Formed in 1944 as a military police escort guard unit, the 327th underwent several transformations before being completely deactivated in 1979 in Panama. But, now more than 30 years later, as part of an effort to consolidate units that also have military dogs, the Army is bringing it back. As our Brian Dwyer reports, it hopes that the new 227th, stationed at Fort Drum, will be bigger and better than ever, and save money at the same time.
FORT DRUM, N.Y. -- For the past 30 years, this particular unit did not exist. It was shut down in 1979, but 33 years later, the flag was uncased. The 327th became the 227th Military Police Detachment, and is getting a new home in Fort Drum.
"Their priority is the safety of our families, fellow soldiers, and homes. Quite frankly, they put a soldier's face and thumbprint on law enforcement like no one else can," said Lt. Col. Guenther Pearson, 91st Military Police Battalion Commander.
The 227th will be serving as MP investigators, traffic accident investigators, force protection, and more. There will also be military dogs. There are 20 canines and their handlers stationed in Fort Drum that can deploy to the United States or overseas, and have recently helped to secure some major events.
"They deploy in support of the President of the United States mission. Currently now during the elections we send them off to do security. They also deploy singularly to Afghanistan to wherever they're needed as a team with a dog and a handler," explained Capt. Stephanie Melton, 227th Detachment Commander.

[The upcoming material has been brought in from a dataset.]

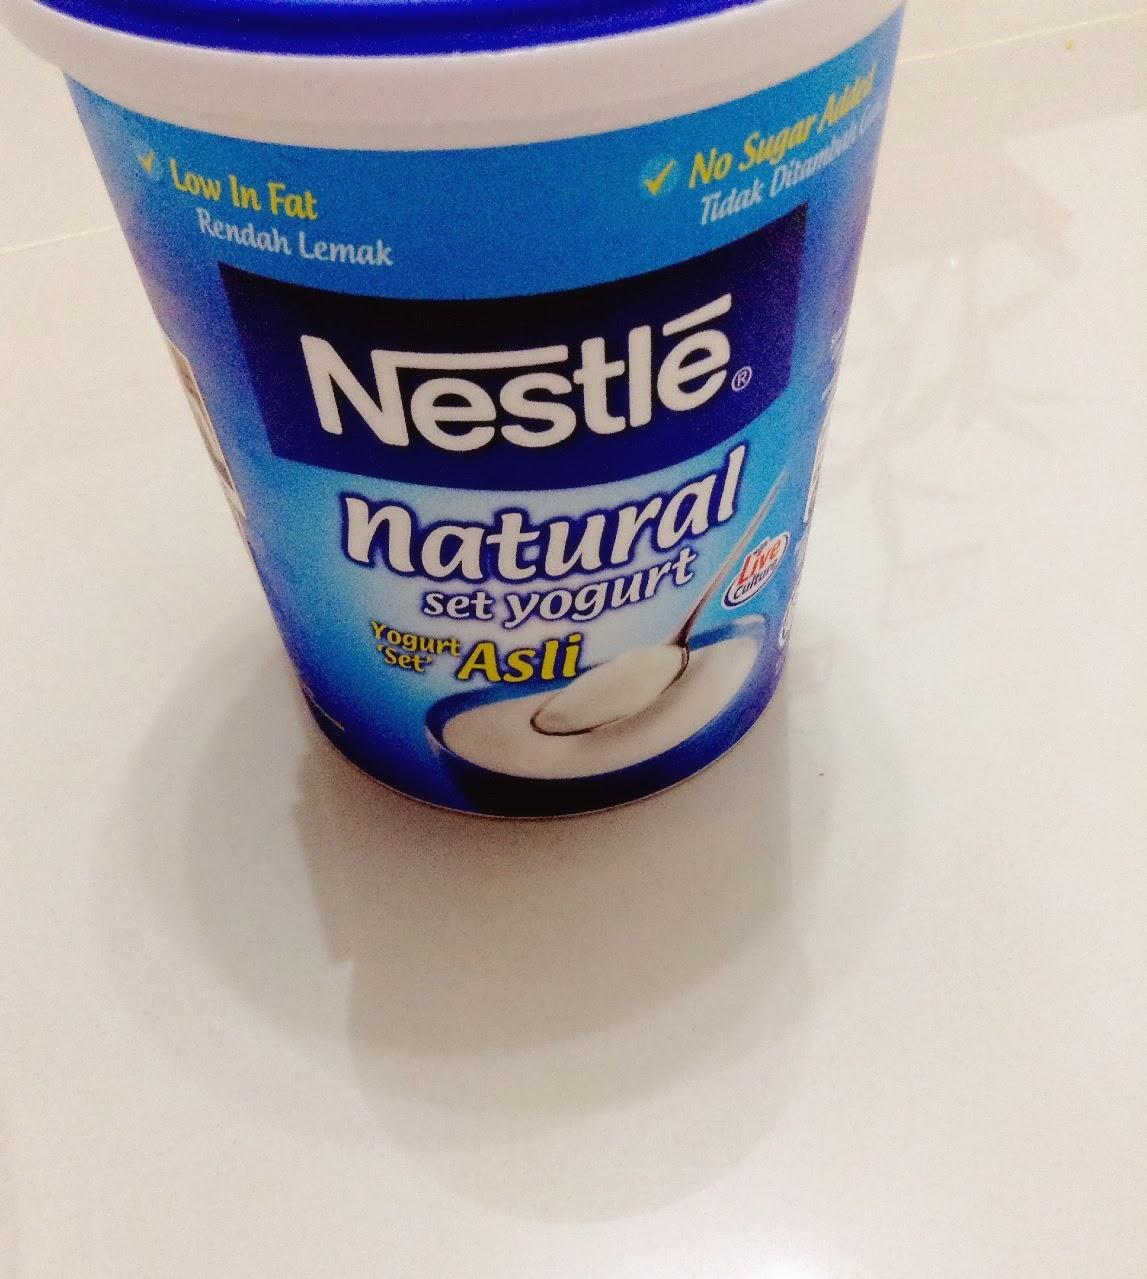 List of Nestlé brands

The unit comes back as the Army continues to focus on cost saving measures. One way to do that, is to consider military dog programs, which Fort Drum already has.
"They're trying to look to refine the quality of the dog, the quality of the handler, and the quality of the support we can provide," said Melton.
Captain Melton saying the dogs, having a stay-at-home detachment group to work with, can not only provide more training, but it can be specialized, making the dogs even more important.